Cameroun: Ces milliards impunément détournés dans les trésoreries générales
L’argent ne parle pas...
On se serait attendu que le rapport de la commission nationale anti-corruption, paru le 10 novembre 2011, comme cela a été le cas pour d’autres administrations épinglées, fasse autant de bruits en ce qui concerne la gestion des trésoreries générales de la République. Malheureusement, cela n’a pas été le cas. A tel point que l’on semble avoir oublié que d’autres poches de détournement de deniers publics fleurissent au nez et à la barbe des pouvoirs publics.

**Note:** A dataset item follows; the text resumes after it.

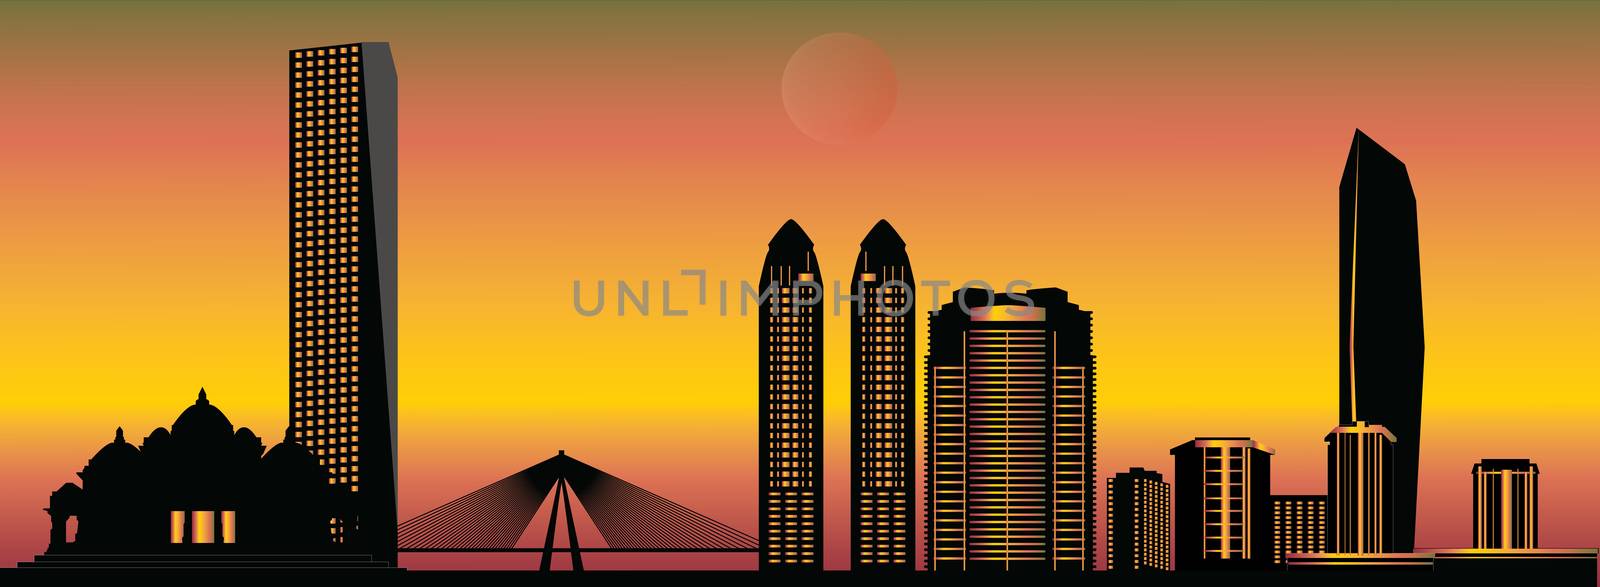 mumbai skyline by compuinfoto

Parmi ces poches, la Conac met en exergue « de graves atteintes à la fortune publique » qui sont perpétrées dans les différentes trésoreries générales de l’Etat. Les montants cumulés font état de milliards Fcfa distraits en un laps de temps. Et les noms des personnes indexées sont écrits en noir et blanc dans le rapport. De la page 135 à la page 143, des centaines de noms sont répertoriés. Pour la seule circonscription financière du Centre, cela fait 131 personnes accusées par la Conac d’avoir distraits plus de 2 milliards Fcfa. Mais, le record des détournements est détenu par la circonscription du Littoral qui engrange au total plus de 3 milliards Fcfa.

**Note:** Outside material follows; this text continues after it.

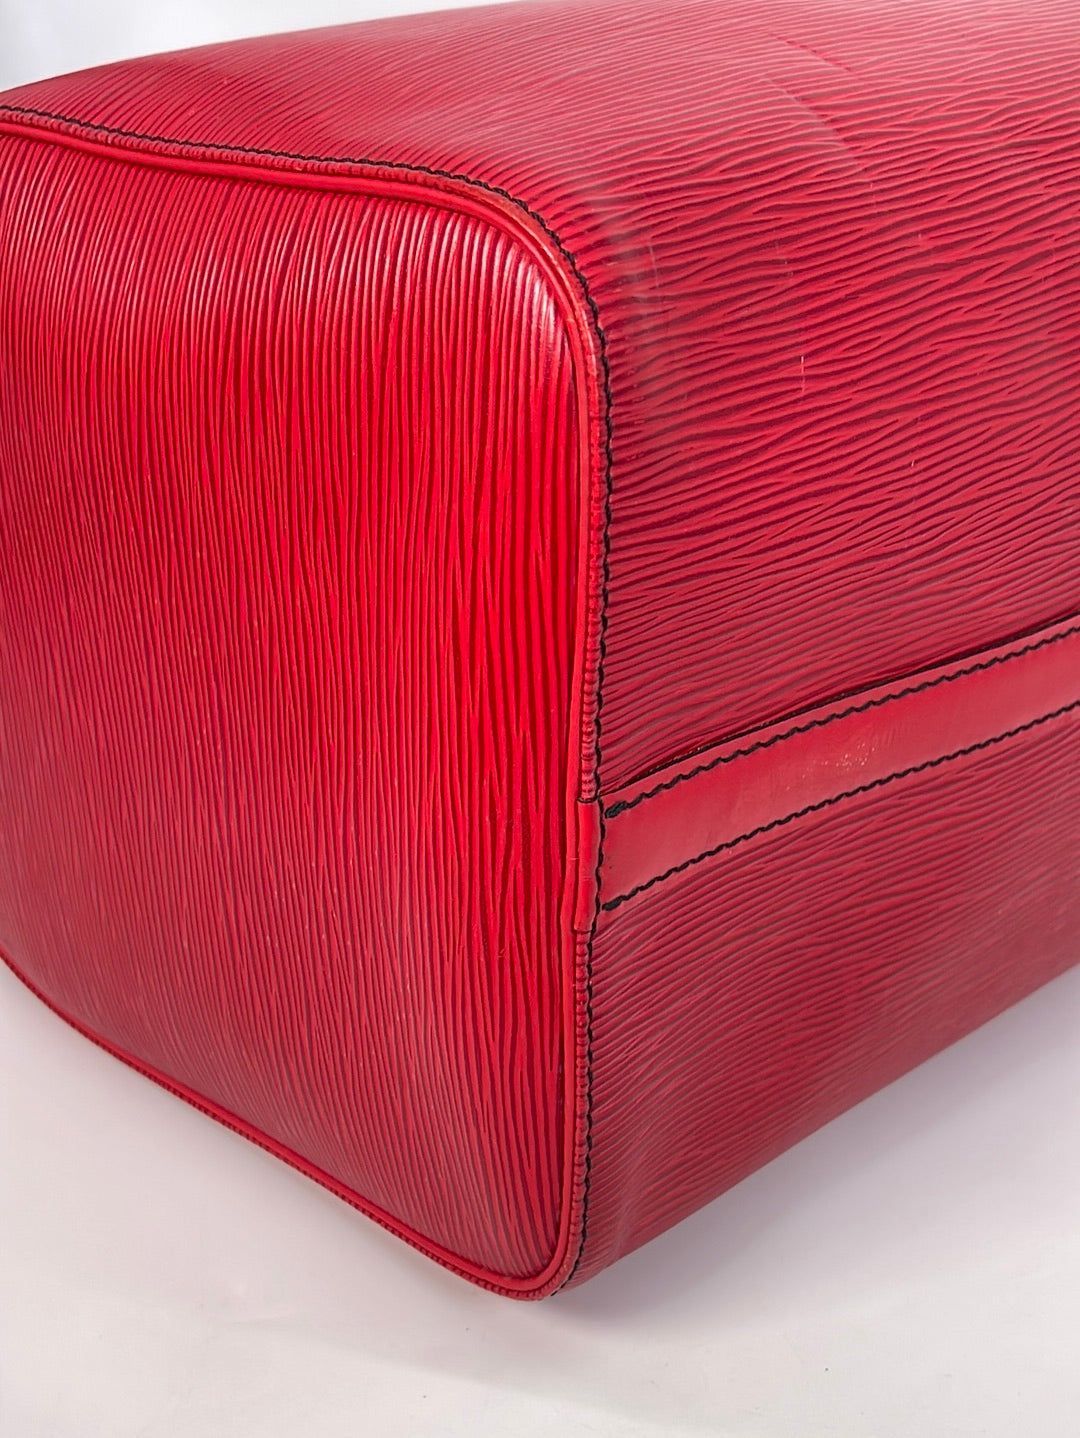 Louis Vuitton Vintage Louis Vuitton Pont Neuf Red Epi Leather Handbag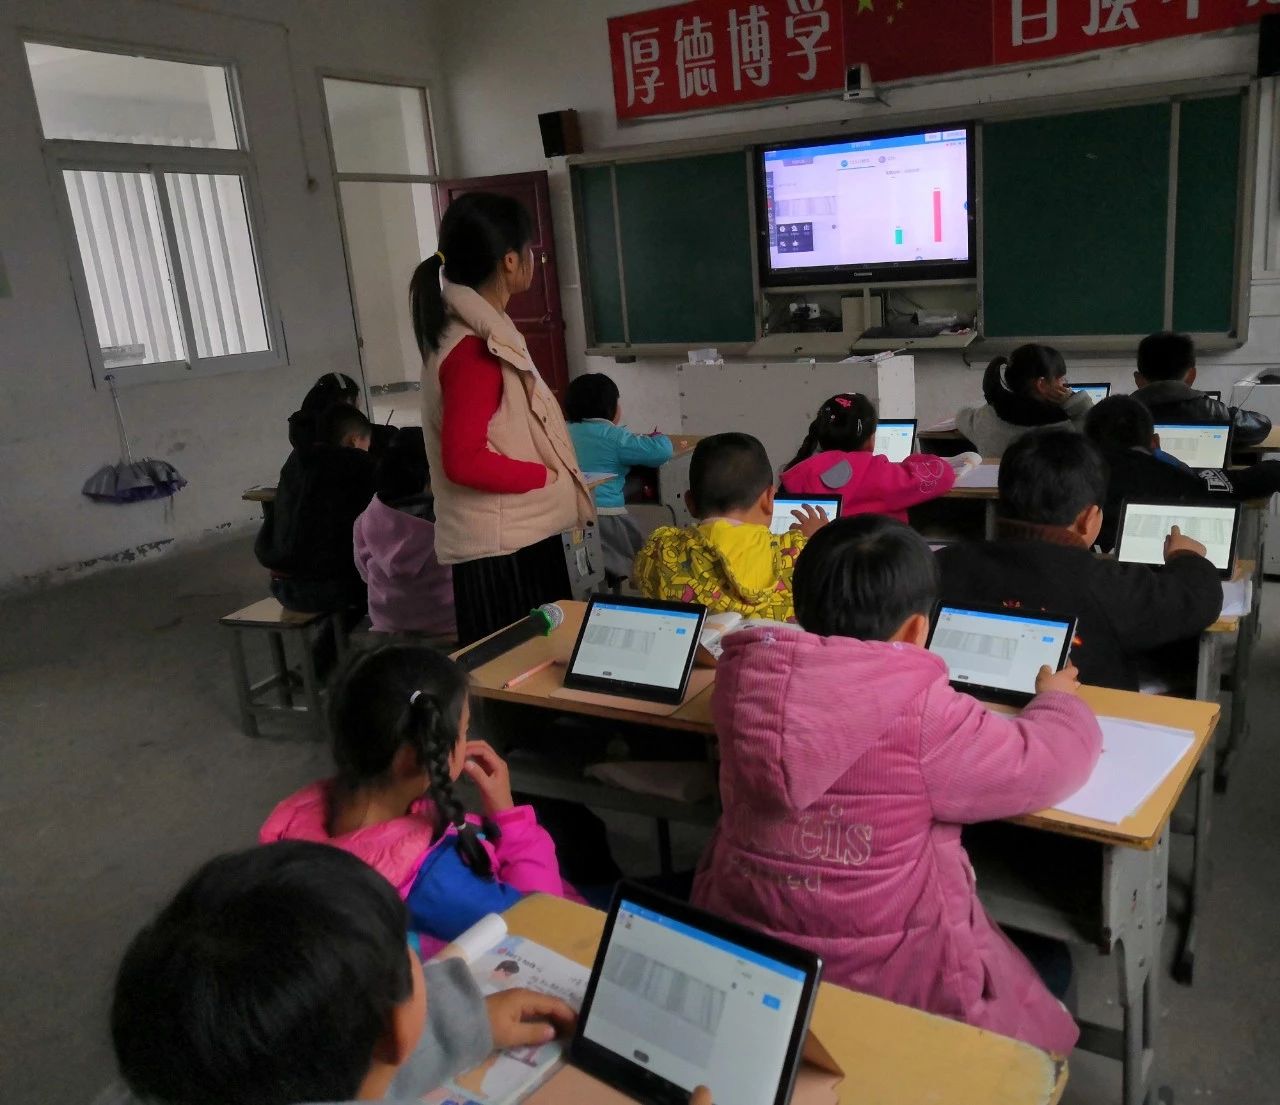 安徽：“在線(xiàn)课堂”拉近城乡距离 教育信息化促教育公平

Les observations générales des missions de la Conac disent que ces pertes sont dues à l’insécurité, au tripatouillage sur le système informatique, au défaut de contrôle, et à l’absence de personnel qualifié. Ainsi donc, on accuse le laxisme des forces de l’ordre chargées de sécuriser les trésoreries générales, l’utilisation des procédures qui seraient en marge de l’orthodoxie financière, et des crimes perpétrés contre la fortune publique par les agents de l’Etat. Au-delà des recommandations faites par la Conac pour trouver des solutions pouvant au moins réduire considérablement ces phénomènes et leurs effets sur les caisses de la trésorerie, le rapport de la Conac interpelle une fois de plus l’administration centrale et les décideurs sur le caractère impuni de certains actes.

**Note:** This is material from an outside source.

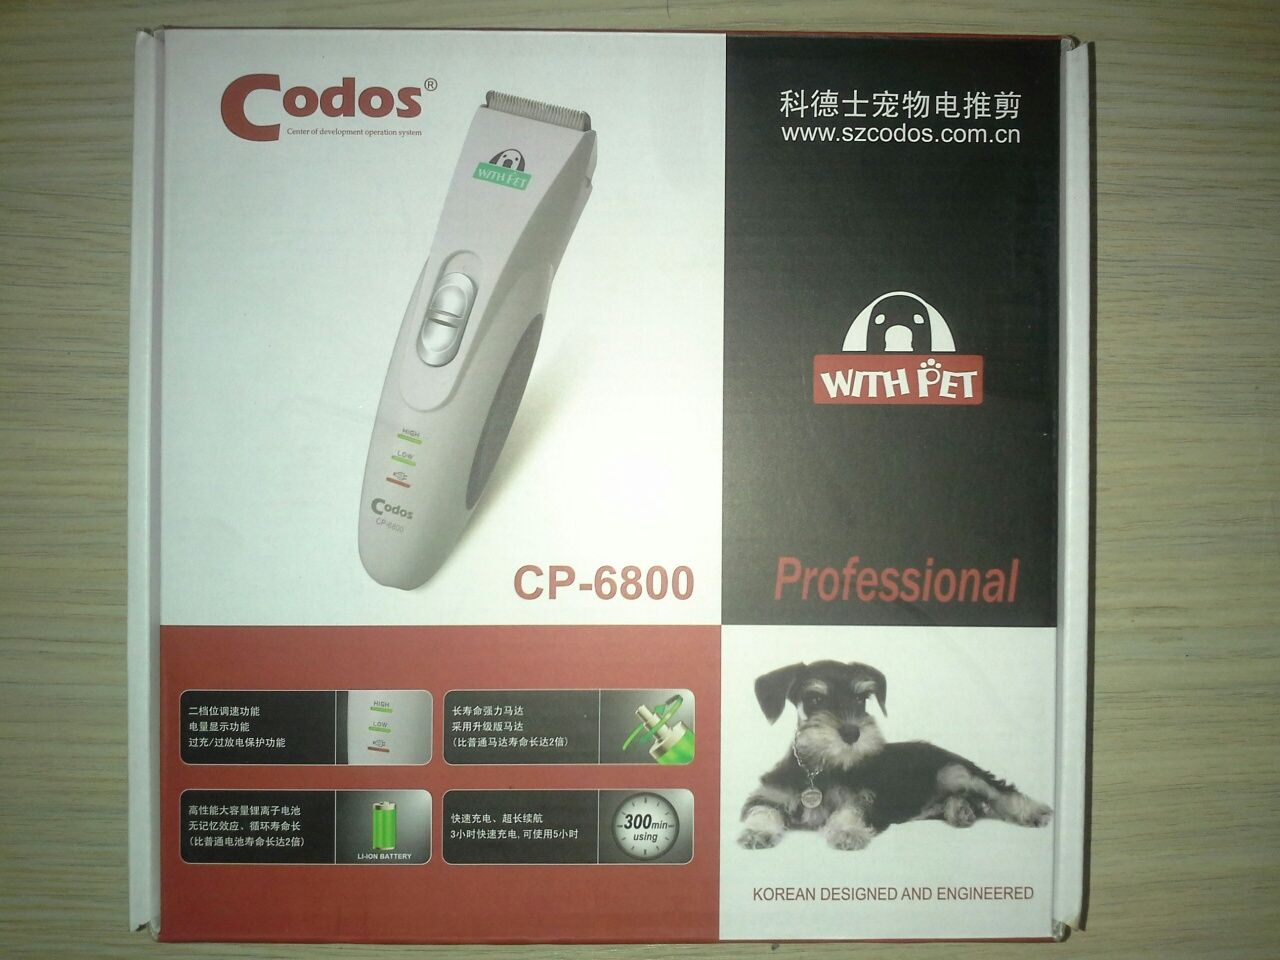 Новые комплекты запасных керамических ножей для зоо-машинок "Codos"!!!

Le rapport qui continue de faire des vagues tout en donnant prétexte à la publication d’autres « affaires », révèle en effet que beaucoup de personnes nommément indexées sont encore en place, et peuvent donc être entendues, voire poursuivies. Dans le cas des malversations constatées dans les trésoreries générales, il est signalé que beaucoup de « ces agents véreux » sont en fuite. D’autres sont décédés. « Mais, il y en a qui ont été affectés à d’autres postes ou sont en attente dans différents services du ministère des Finances », mentionne le rapport qui souhaite que cette liste soit actualisée, afin que « tous les coupables soient rattrapés et répondent de leurs actes de forfaiture ».
Au ministère des Finances et dans différents services concernés, on rit sous cape. Ici, il se dit que c’est encore une bouteille jetée à la mer et qu’il n’existe aucun repère pour savoir où elle aboutira. Les moqueries fusent sur la « Conac et son rapport », certains fonctionnaires rencontrés étant persuadés que « ce sont des conneries ». Le ministère des Finances est volontiers qualifié par la Conac comme l’administration où le phénomène de corruption est le plus ancré. Mauvaise langue ou pas, le moment est enfin venu de se pencher sur les activités des agents de ce département ministériel qui, dans l’imagerie populaire, est en effet « trempé jusqu’au coup dans la corruption ».